What
the Ramban Song Says?
The Apostle and Prince Kepha proceeded from Quilon in a northeasterly
direction and arrived at Thrikapaleswaram, near Niranom. Thrikapaleswaram
had Hindu temples at that time, and to provide a place of public
worship to the Christian community, the Apostle planted a cross
a few furlongs away to the west of one of the temples. The non-Christian
people in the locality did not like this and they pulled it out
and cast it into the nearby river.
This
desecration took place sometime after the Apostle had left the
place for Chayal or Nileckal. Two Christians from Thrikapaleswaram
went there and requested the Apostle to re-visit their place and
set matters right. The cross that had been thrown out into the
river moved downwards floating on the waters for some distance,
and eventually rested on a strip of land on the opposite bank
of the river. Here at Niranom a new site for a church was secured.
During this second visit, the Apostle stayed at Niranom for two
months and during this period two hundred persons were baptized
by him giving new vigor and strength to the Christian community.

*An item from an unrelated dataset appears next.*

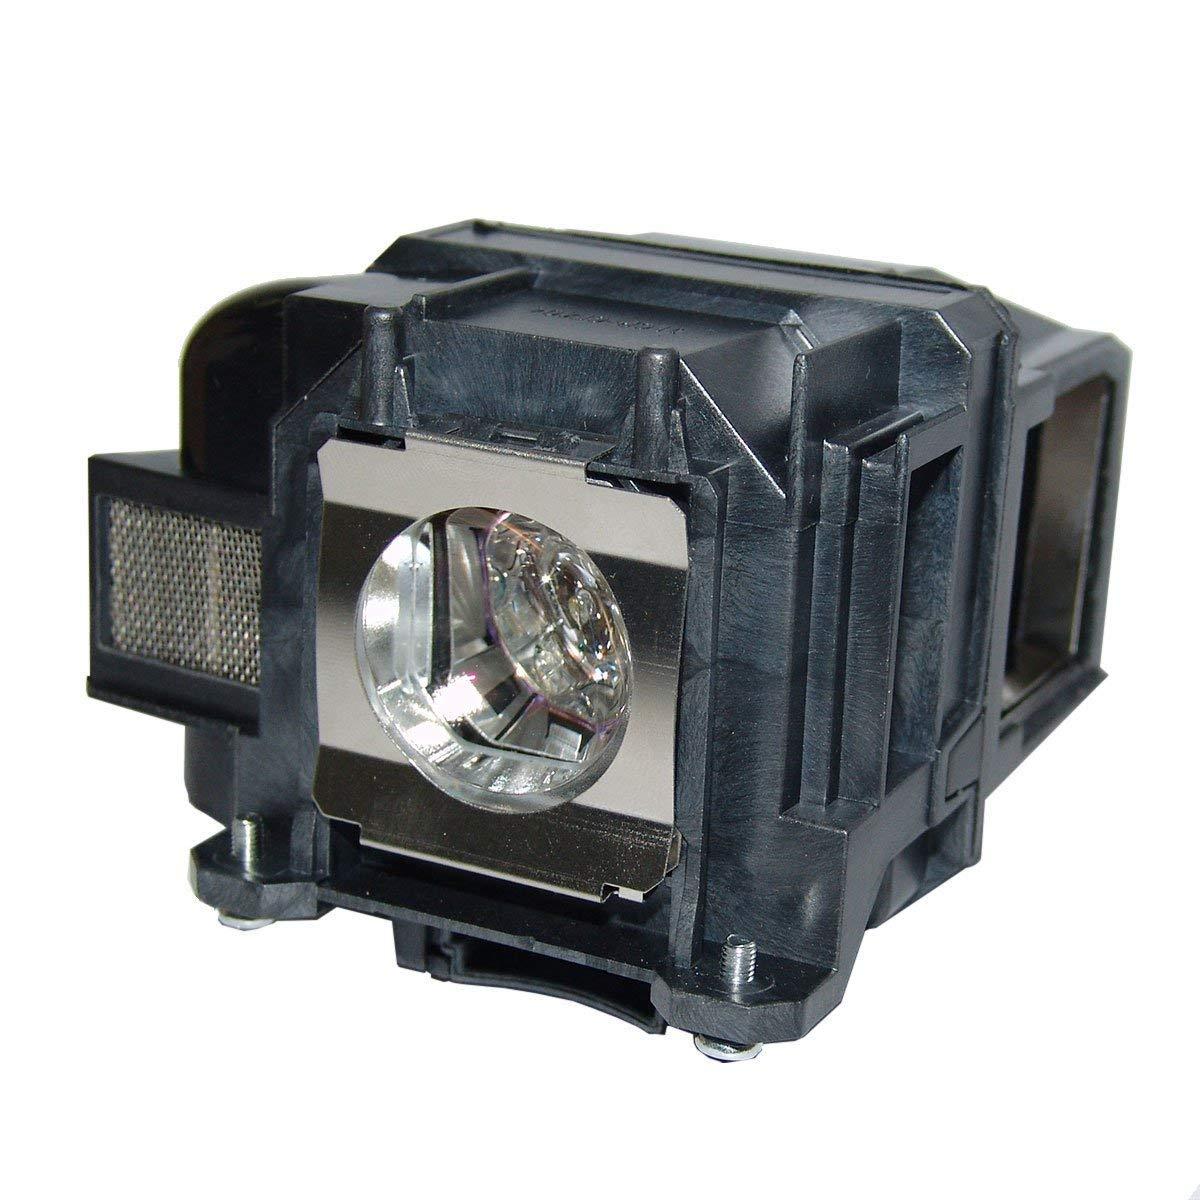 WOWSAI V13H010L78 交換用ランプ ハウジング付き エプソン PowerLite Home Cinema 2030 2000 730HD 725HD 600 VS230 VS330 VS335W EX3220 EX6220 EX7220 EX7230 EX7235 EX5220 EX5230 ELPLP78 プロジェクター用   B07K3VC8H5

Local tradition is that most of the Nambutiris having been made
Christians by St. Thomas, left the place after giving the boxes
containing the documents relating to their landed properties to
a Kymal or Nair chieftain, who has since been known as Niranam
Petti Kaymal. Of the various miracles performed by St. Thomas
at Niranam, the most remarkable was the restoration of life to
a child of a barber put to death by anti-Christian families, who
wanted to throw the responsibility for the crime on the Apostle.